On Tue, May 12, 2020 at 10:07:08PM +0200, Daniel Borkmann wrote:
> On 5/12/20 8:25 PM, Alexei Starovoitov wrote:
> > On Tue, May 12, 2020 at 04:35:41PM +0200, Daniel Borkmann wrote:
> > > On 5/8/20 11:53 PM, Alexei Starovoitov wrote:
> > > > From: Alexei Starovoitov <ast@kernel.org>
> > > > 
> > > > Implement permissions as stated in uapi/linux/capability.h
> > > > In order to do that the verifier allow_ptr_leaks flag is split
> > > > into allow_ptr_leaks and bpf_capable flags and they are set as:
> > > >     env->allow_ptr_leaks = perfmon_capable();
> > > >     env->bpf_capable = bpf_capable();
> > > > 
> > > > bpf_capable enables bounded loops, variable stack access and other verifier features.
> > > > allow_ptr_leaks enable ptr leaks, ptr conversions, subtraction of pointers, etc.

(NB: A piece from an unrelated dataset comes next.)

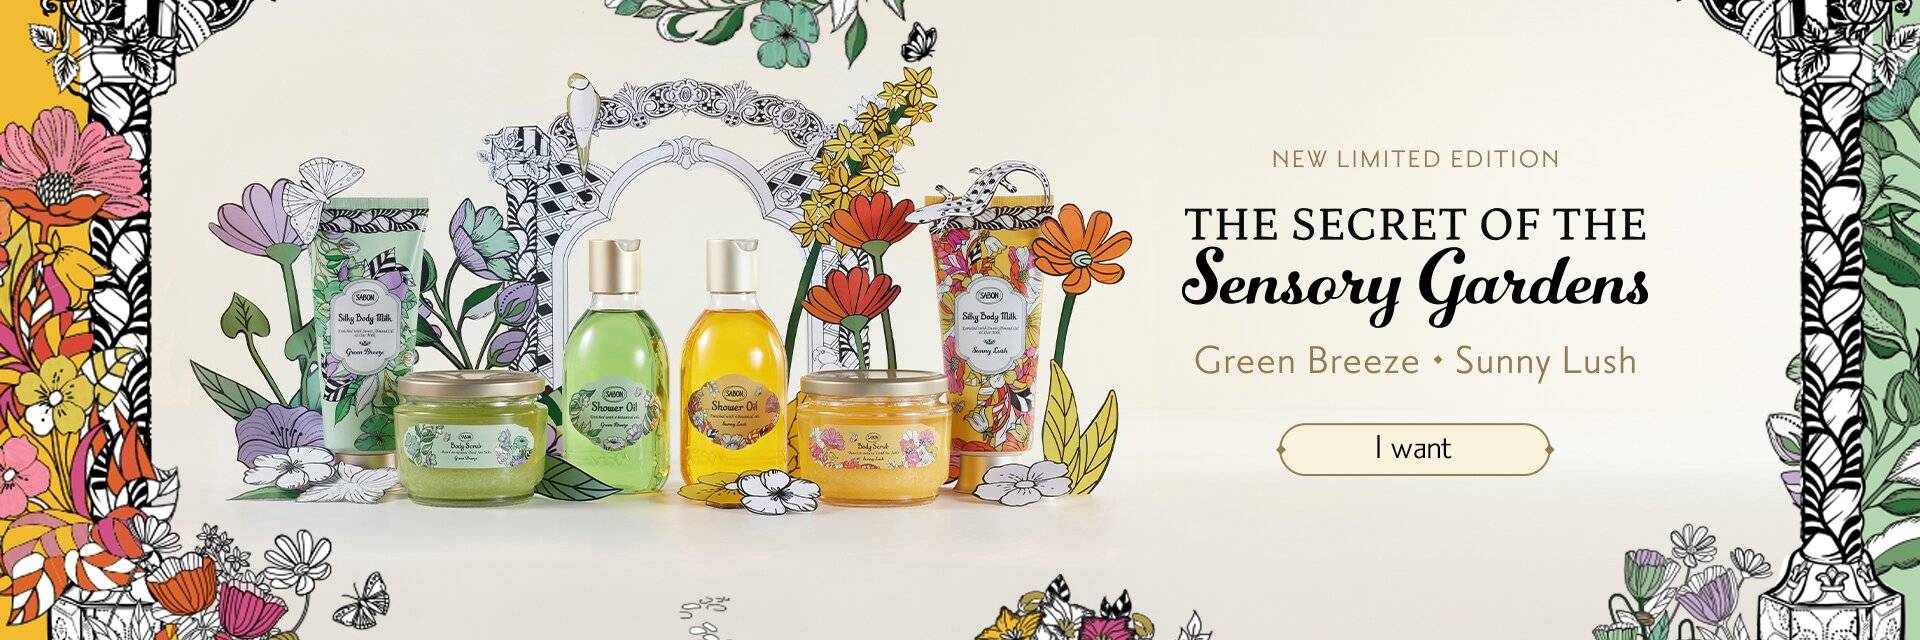 The new limited edition The Secret of Sensory Garden. Beyond the collection page:

> > > > It also disables side channel mitigations.
> > > > 
> > > > That means that the networking BPF program loaded with CAP_BPF + CAP_NET_ADMIN will
> > > > have speculative checks done by the verifier and other spectre mitigation applied.
> > > > Such networking BPF program will not be able to leak kernel pointers.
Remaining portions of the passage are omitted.